これも、資本主義があれば必ず発生する労働者の極貧と階級闘争が起きると習ったことがある。特に資本主義が最初に成熟した英国で発生するはずであった。フランスもその候補として想定されていたのだろう。しかるに、資本主義辺境の地ロシアで革命は起きてしまった。
縦型に並べれば、バブルと革命100年30年10年記念の年となるのが2017年だ。とりわけ10月は大きな変化の月でもあった。
革命話は、消えてしまったのだろうか。人類の歴史は階級闘争の歴史なので労働者による暴力革命は歴史的必然とも大学で習った。話はわかったが歴史的必然なら、僕は何もしないよという学生もいた。
よく見ると、当時の日本のジニ係数(富や所得の集中度)は、低いもので暴動や革命が想定されるレベルではなかったようだ。逆に現在はじわじわと上昇していて、危険水域に近づいている。

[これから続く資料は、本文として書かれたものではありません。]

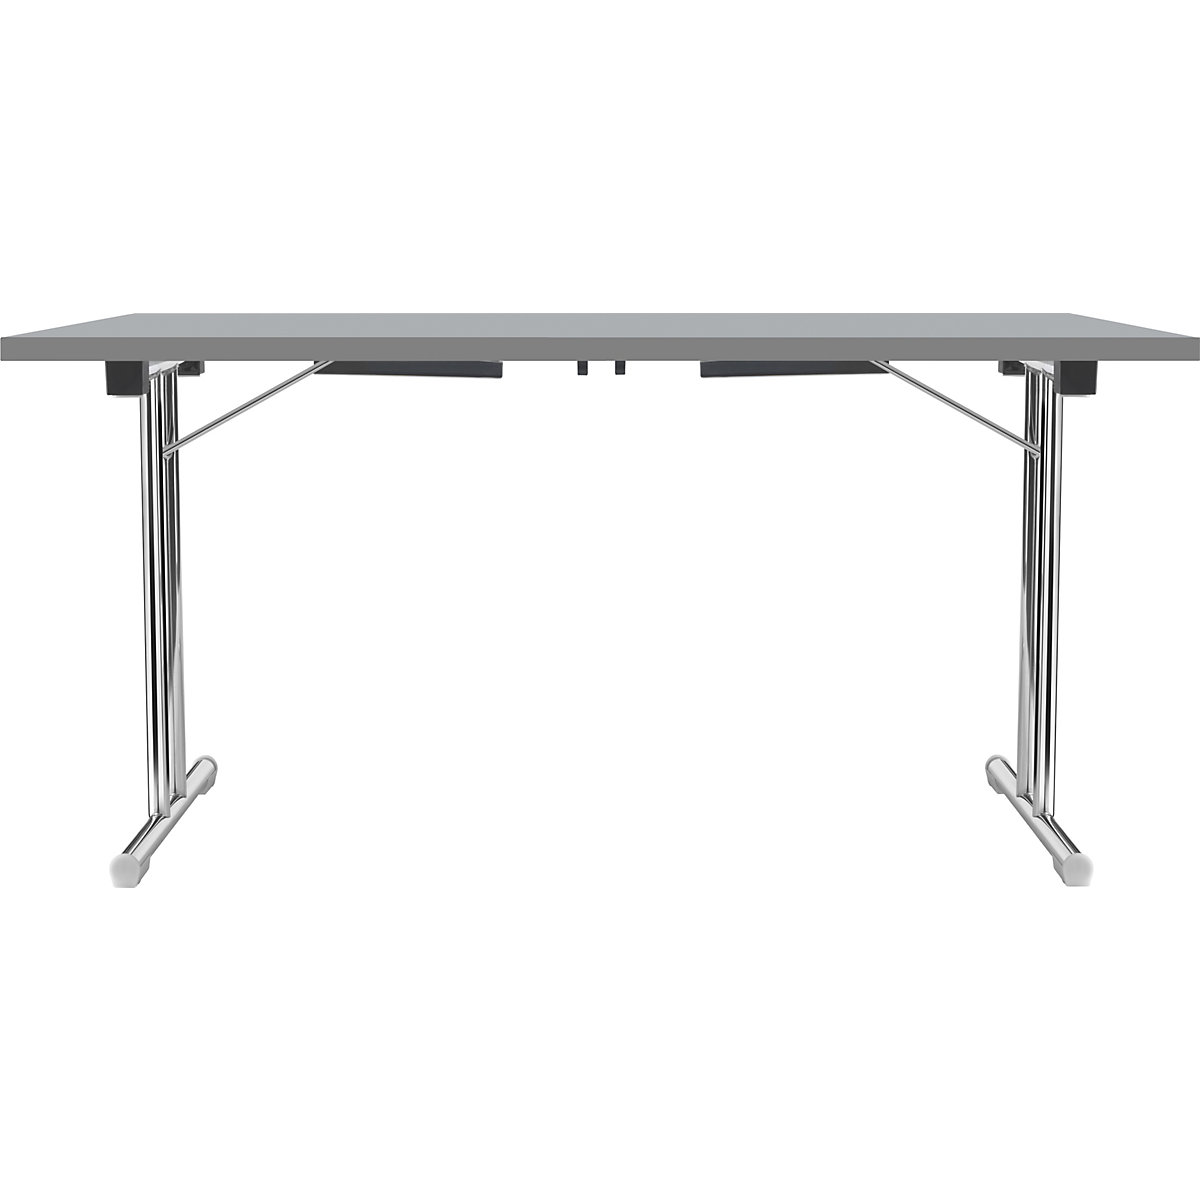 Zložljiva miza z dvojnim podnožjem v obliki črke T, ogrodje iz okrogle jeklene cevi, kromirano, svetlo siva/antracitna, ŠxG 1200 x 600 mm-3

特に昨今の日本は格差社会だとされ、非正規労働者が40%となり、子供7人に1人が貧困家庭の子等だと聞いている。
いよいよ団結して革命が起きる可能性か?
しからば、いよいよ団結して革命が起きる可能性があるのかというと、その気配を感じることができない人が多いことであろう。
少なくとも、非正規雇用であれば、現状に不満をあらわにすることも想像するが、青年たちの7割が保守的な考えで選挙行動をするようだ。
たまたま50人程度の青年たちに、日本的経営(生涯雇用、年功序列、比較的低賃金、社内結婚など)と米国型実力主義とどちらがいいか聞くチャンスがあった。もちろん、科学的調査ではないので御参考程度話だが、9割以上の青年が日本的経営に魅力を感じると答えたので、かなり驚いてしまった。
「田舎で10万円」という言葉があるそうだ。月に10万円あれば、里山のある美しい村で楽しい生活が可能だという。
一方、都市でも少しのお金があれば、コンビニでご飯は食べることができる。本当に金がなければ、アルバイトする先には困らないということはない。しからば革命勢力となって命を投げ出して戦う必要も感じることはないということか。
されば、これ以上格差が拡大しない限り、日本社会は静かに成熟して人口も減り誰にご迷惑もかけることなく、枯れてゆくのだろうか。
一方で、金融バブル。東京株式市場は2週間も下落することなく毎日上昇するなど、奇妙なことが起きている。まだ解決していないどころか、ますますきな臭い北朝鮮問題を4月以降あれほど心配したにもかかわらず、株だけ上がっている。
貧困もバブルも音もなく静かに進んでから、あざ笑うように歴史的事件となった。だとすると、近未来に大変な事件がまっているのだろうか。
それとも原典は知らないが、あと70年もすると経済学上の問題はおおかたきれいになると、ケインズがいったと学生時代ならった。ジョン・メイナード・ケインズは1946年に亡くなっている。